Au royaume chérifien, la liberté de la presse ne fait pas que battre de l’aile. Elle s’y trouve en effet à l’agonie. Et ce n’est pas là une simple formule imagée. Deux journalistes marocains arbitrairement détenus dans les geôles, et toujours en grève de la faim, seraient désormais à l’article de la mort. En effet, les proches de deux journalistes marocains en détention préventive depuis plusieurs mois s’inquiètent de leur état de santé.
Omar Radi, un militant connu pour son engagement en faveur des droits de l’homme, et Souleimane Raissouni, rédacteur en chef du journal Akhbar al-Yaoum, ont entamé une grève de la faim il y a deux semaines pour demander une libération provisoire qui leur a toujours été refusée.
« Souleimane a toujours des problèmes de santé et vu la grève de la faim qu’il a entamé depuis maintenant 16 jours, je ne sais pas s’il continue de prendre ses médicaments. La nouvelle qui nous a inquiété c’est le dernier diagnostic des médecins de la prison qui est que Souleimane a des problèmes de potassium et de calcium.
En plus Souleimane ne sortait pas de sa cellule, avant d’entamer déjà la grève de la faim. Pour Omar il a une maladie très grave, il avait des diarrhées aiguës lors de sa période d’incarcération, donc je ne sais pas s’il va tenir le coup. En tant que familles, nous sommes très très inquiets. Je ne sais pas à qui m’adresser mais j’ai toujours cette revendication que je ne cesse pas de dire et de déclarer devant tout le monde : il faut libérer Souleimane et Omar. Ils risquent leurs vies maintenant ! » l’on se trouve bel et bien en face d’un cas typique et inacceptable de non-assistance à personnes en danger.

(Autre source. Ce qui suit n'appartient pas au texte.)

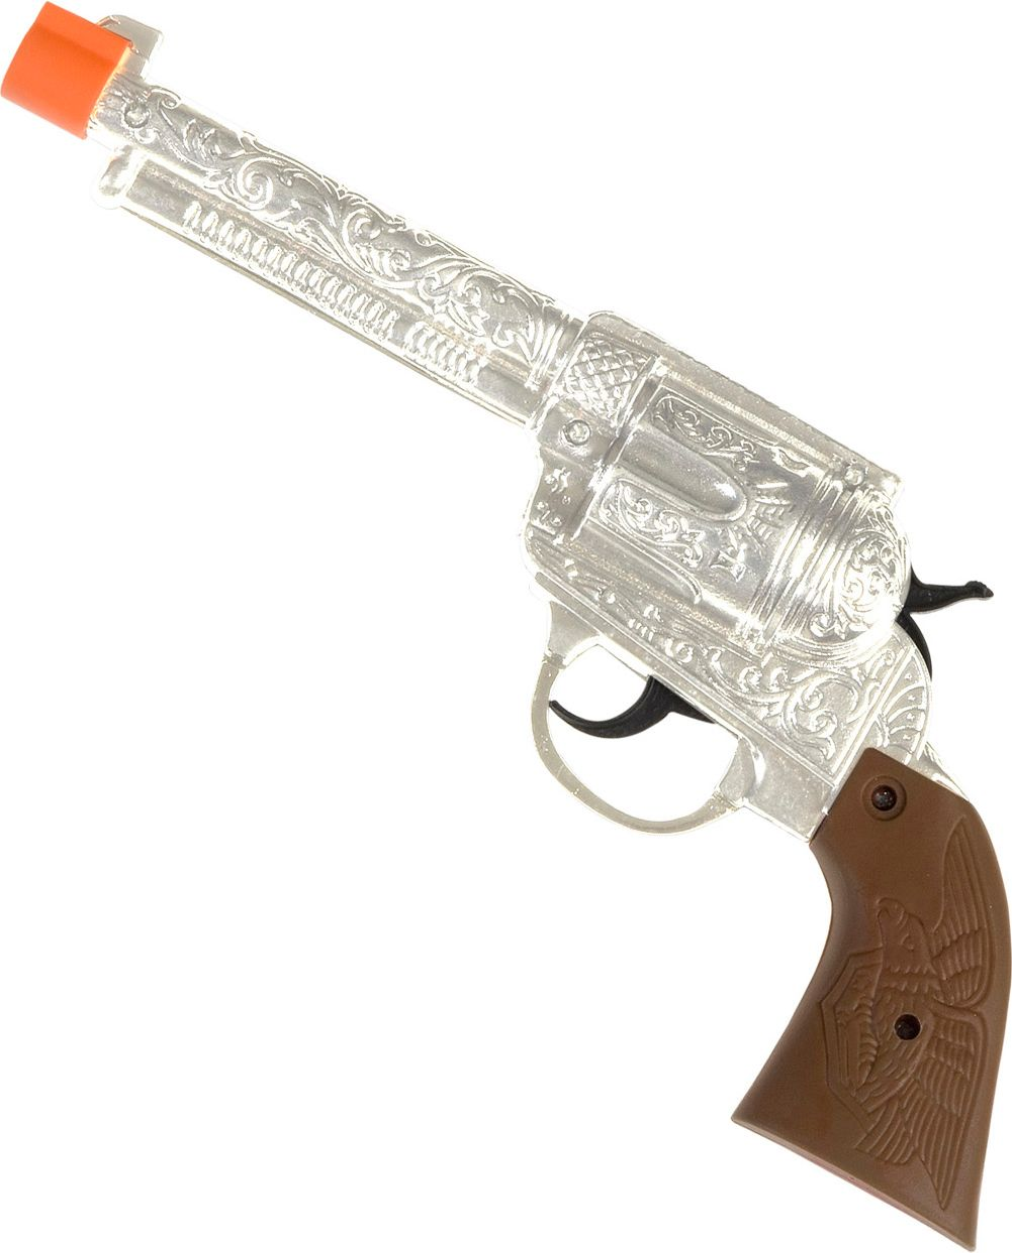 Zilveren cowboy revolver
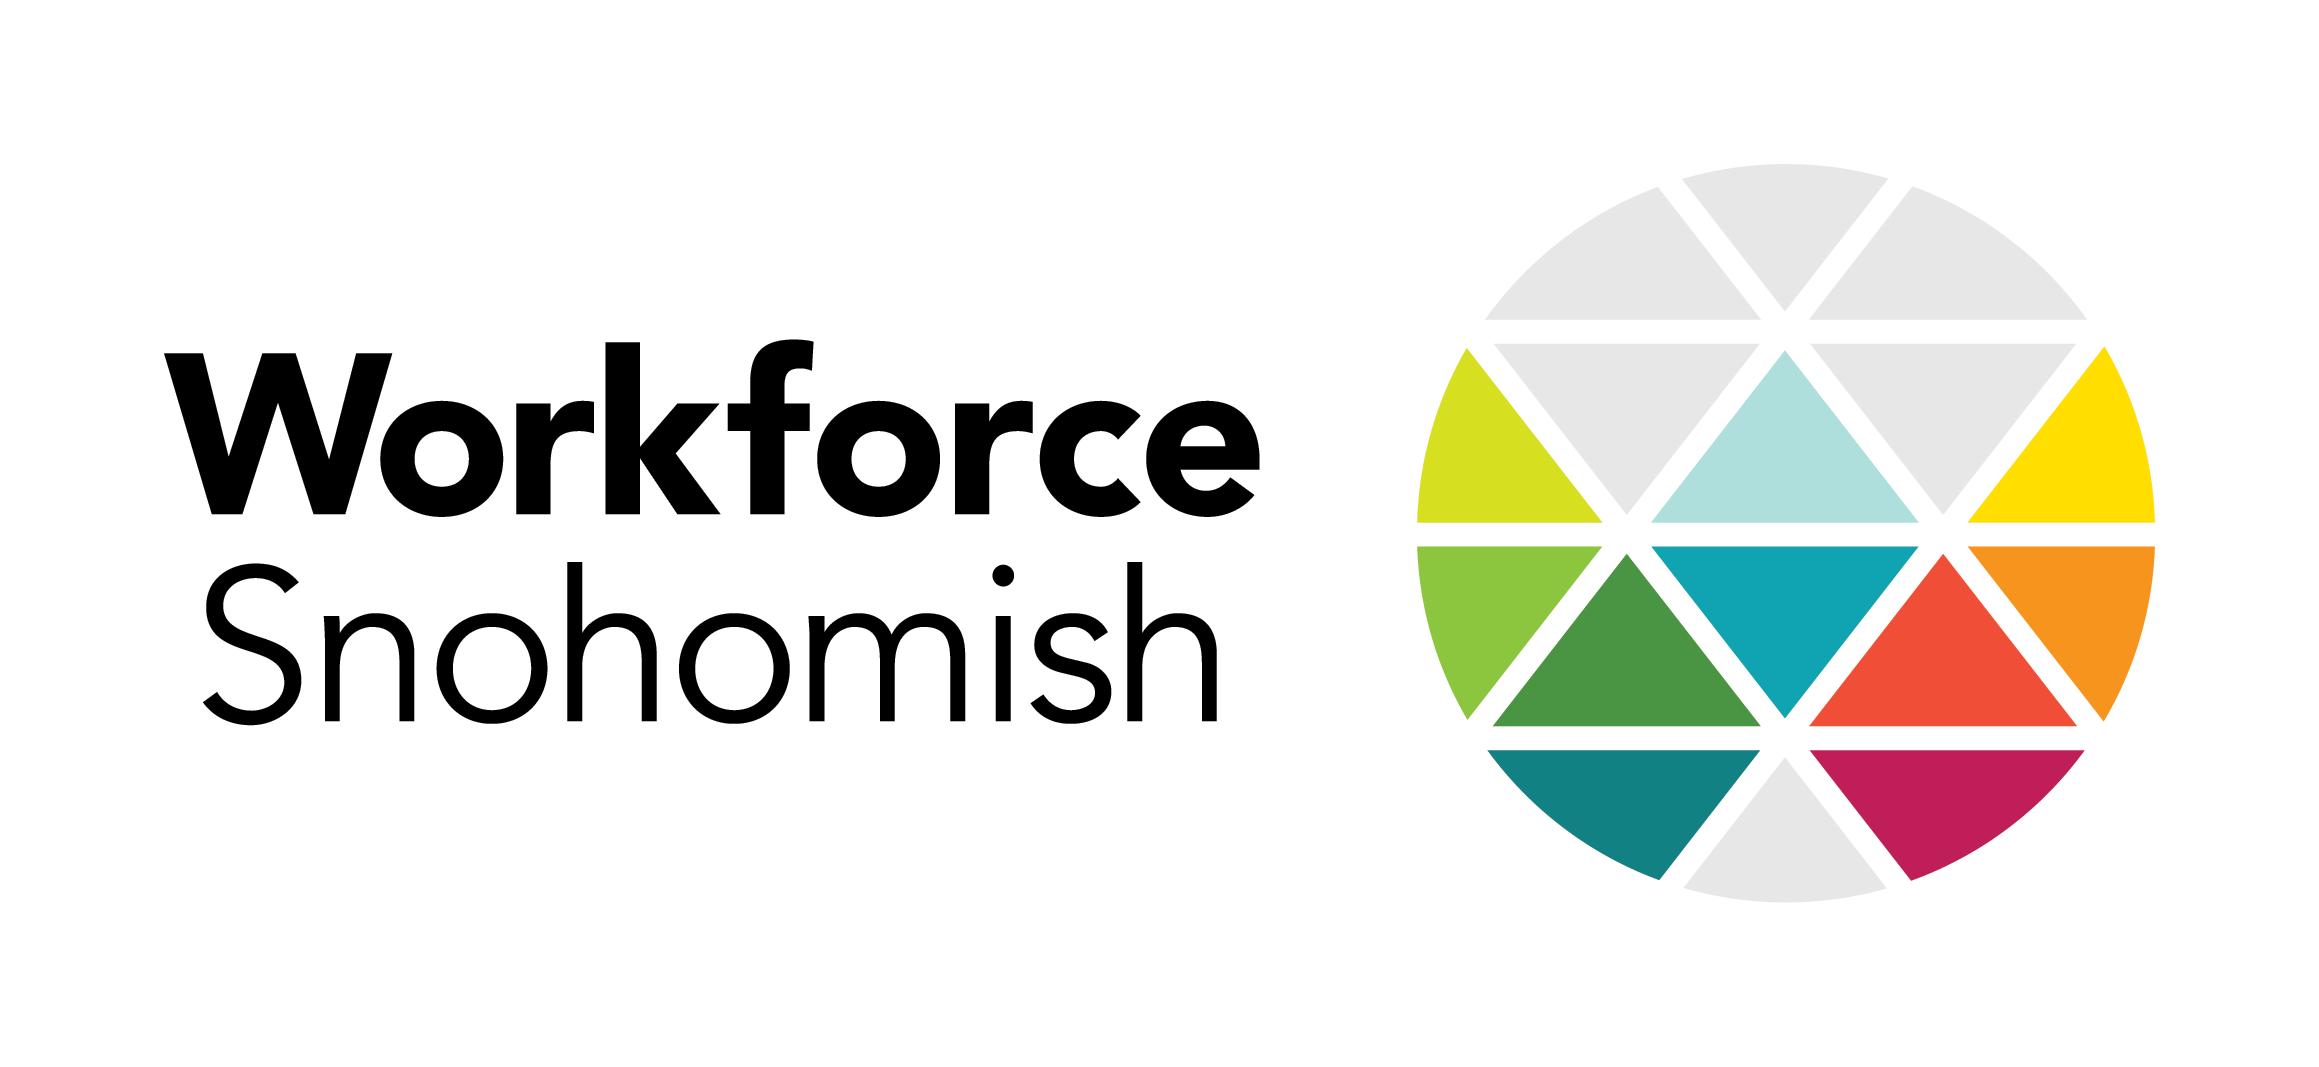 Workforce Snohomish

Au Maroc, les journalistes demeurent souvent des «victimes de harcèlement judiciaire», selon le dernier classement de Reporters sans frontières (RSF) relatif à la liberté de la presse dans le monde. Reporters sans frontières note que «le déroulement des procès, la surmédiatisation et la diffamation qui accompagnent ces procès privent la victime et l’agresseur présumé de certains de leurs droits».
En matière de respect des libertés publiques et individuelles, le Maroc ne s’est jamais aussi mal porté depuis un bonne trentaine d’années. Ce qui a changé c’est l’embellissement de la façade démocratique du royaume chérifien sous le règne de Mohamed VI. Le mode opératoire a toutefois changé « grâce » au précieux concours du chef des services de renseignement et de sécurité Abdellatif Hammouchi.
Sa spécialité ? Salir la réputation de tous les journalistes ou opposants qui dérangent en fabriquant contre eux des dossiers compromettants pour les forcer au silence. S’agissant de mœurs essentiellement, ces dossiers scellent la mort politique et professionnelle des concernés. Omar Radi et Soulaimane Raissouni sont par exemple deux journalistes en grève de la faim, qui croupissent en prison depuis de nombreux mois.
Cent vingt journalistes marocains ont signé, mercredi 14 avril, une pétition dans laquelle ils expriment leur « grande inquiétude » quant au sort de MM. Radi et Raissouni et dénoncent la « violation répétée de la présomption d’innocence » et « l’impunité dont bénéficie la presse de diffamation au Maroc ».
« Cette « presse de diffamation » est représentée par des « médias » affidés aux services de sécurités et alimentés par des dossiers attentatoires et diffamatoires contre toutes les voix dissonantes qui osent remettre en cause l’ordre établi, ou même en discuter le bien-fondé. Même sous le règne de Hassan II, ce totalitarisme ambiant n’a jamais été aussi pressant et oppressant.
Le célèbre opposant et historien Maâti Moundji, maintes fois emprisonné pour ses opinions, dénonce de manière explicite ce vil mode opératoire désormais choisi par les hommes de Mohamed VI pour casser les voix dissonantes, en exerçant un vil chantage sur les journalistes et défenseurs des droits de l’Homme encore libres au Maroc.